Mrs S gave me a real copy soon after I had failed miserably to get a proper reel-to-reel tape made from a friend's album - well you did didn't you, microphone dangling from the curtain rail, tiptoing everywhere for an hour, no swearing!

On the Sevenoaks bypass yesterday, the whole piece thundered out and contentment was the norm, especially the thought that it was twenty-five years old! What a time; loads of years had gone by since we all listened in awe at one chap playing all those instruments. Even Viv Stanshall sounded quaint!

It took me a long, long time to realise, while mistily musing on the five-and-twenty years time warp, that it was in fact not 25 years but 35 years since we all gasped!

How long?

Thursday 1 November 2007

A place fit for...expenses...


Yesterday was a particularly fine day for getting around London on foot.

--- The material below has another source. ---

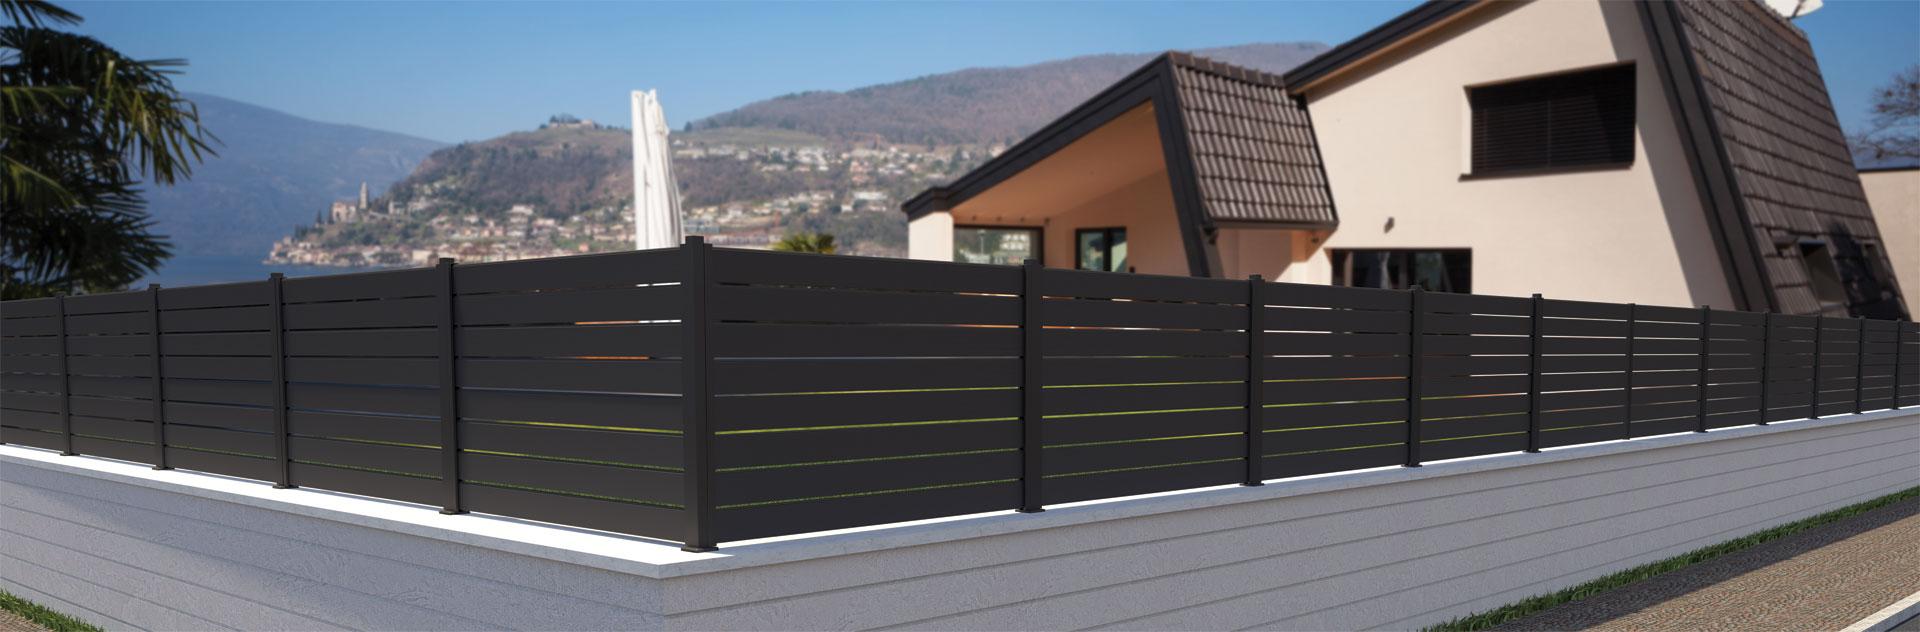 Eko dvorišne aluminijumske ograde
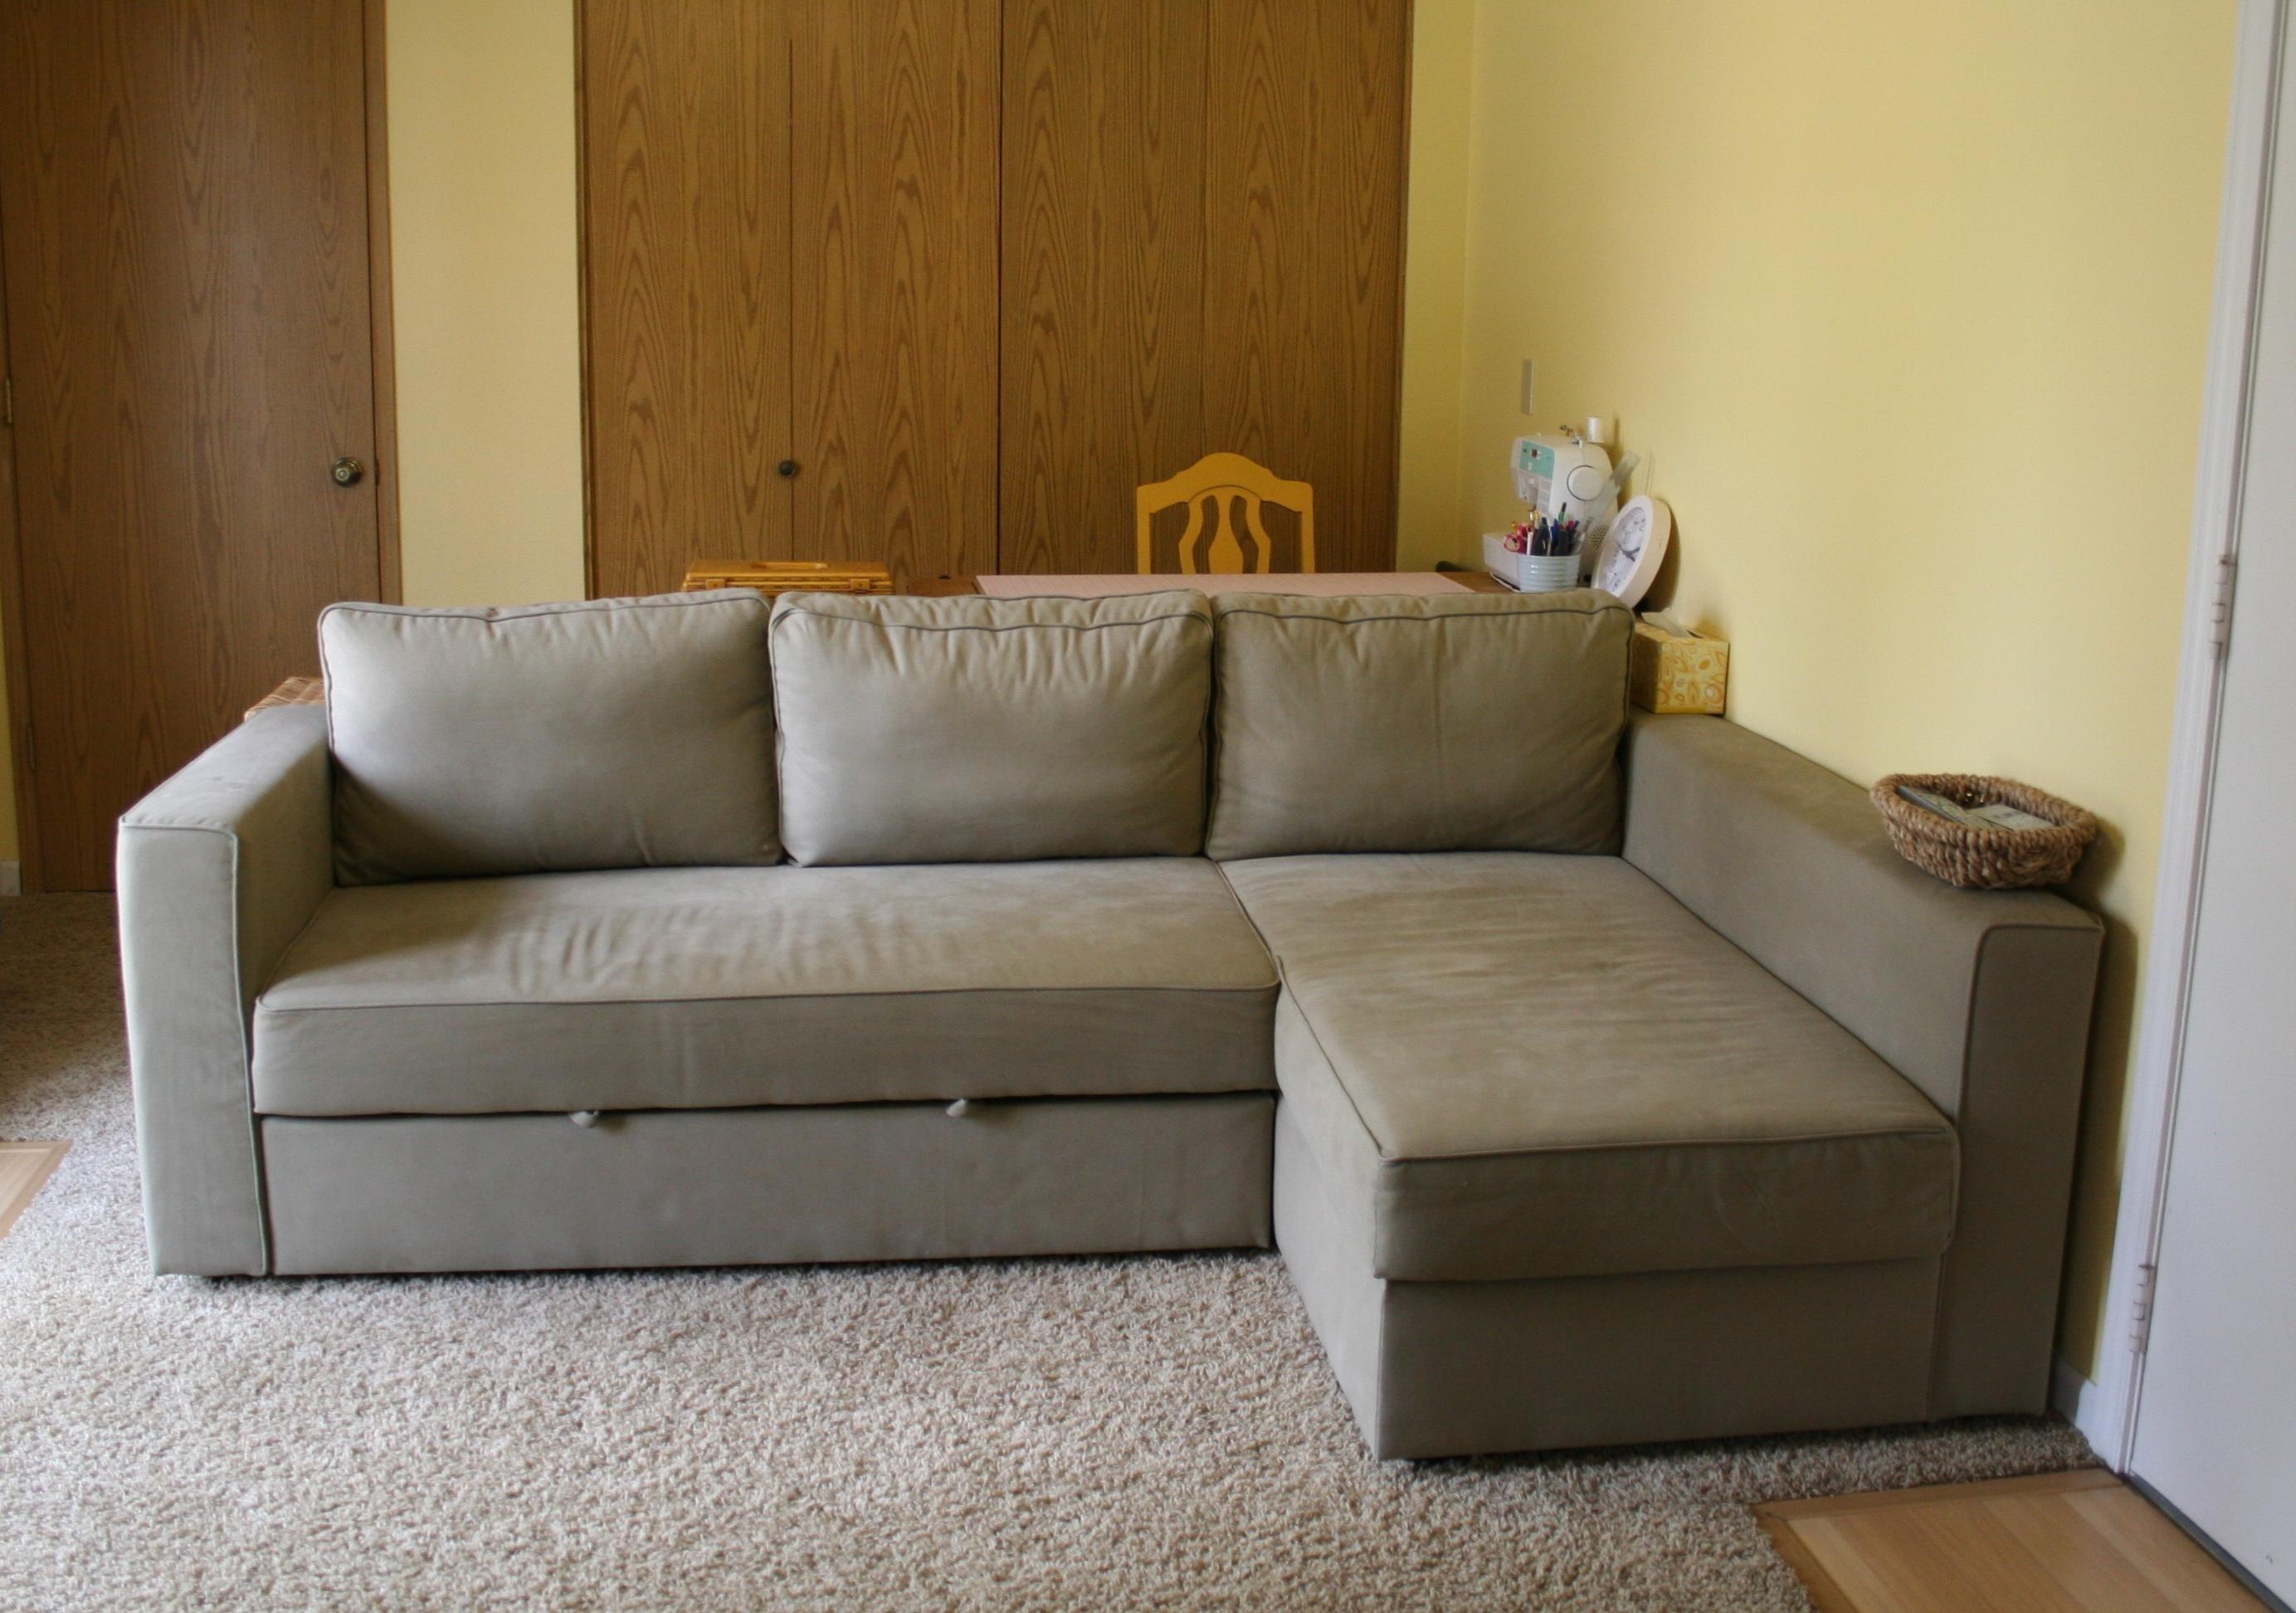 Furniture: Ikea Sofa Bed | Ikea Sofa Beds | Corner Sofa Bed Ikea In Cheap Corner Sofa Beds (View 12 of 20)

I had a meeting in Cavendish Square, and another in Victoria, but some time in between when I had several phone calls to make and nowhere to prop up the briefcase. So I walked, and headed for park benches wherever I could, and felt pretty good.

It was heart-raising to see the milling crowds after the Duke of Edinburgh Gold Awards ceremony at Clarence House. Good Kids those, and the glowing faces and flashing cameras all around exuded well deserved acclaim.

Later on, the walk back to Trafalgar Square took me up Whitehall, away from the House of Expenses. Just before The Cenotaph, everyone was directed by the Long Arm of the Law to the east side, and I saw quite a few workmen preparing The Cenotaph for Remembrance Day. It seemed a bit over the top (wrong expression, but meaningful), that we all had to trudge around, but the real reason was that Downing Street was under siege...from visitors!

There must have been at least fifty policeman watching the crowd, presumably more milling around unannounced, a huge gaggle of senior figures just outside the gates, even more inside, plenty of blue lights, lots of very, very busy politicians urgently looking at their watches and about 200 spectators. I sat on the low wall opposite, made a few more calls, and waited.

Around 3.00pm, the gates were swung wide and a flotilla of big black staff cars carrying King Abdullah and the rest, came out and swooped north towards the Rich Precinct. There was not a sound from anyone, and within minutes, the area was back to normal. What an expensive fuss about coming to meet Ed Balls! I reckon that half hour cost around £60,000 in time spent, organisation, expenses for politicians, and more police than you can shake a stick at – well, not shake a stick at under the circumstances...

Meanwhile, the workmen putting up the barriers at The Cenotaph toiled on quietly and efficiently, preparing a place where real Heroes are remembered.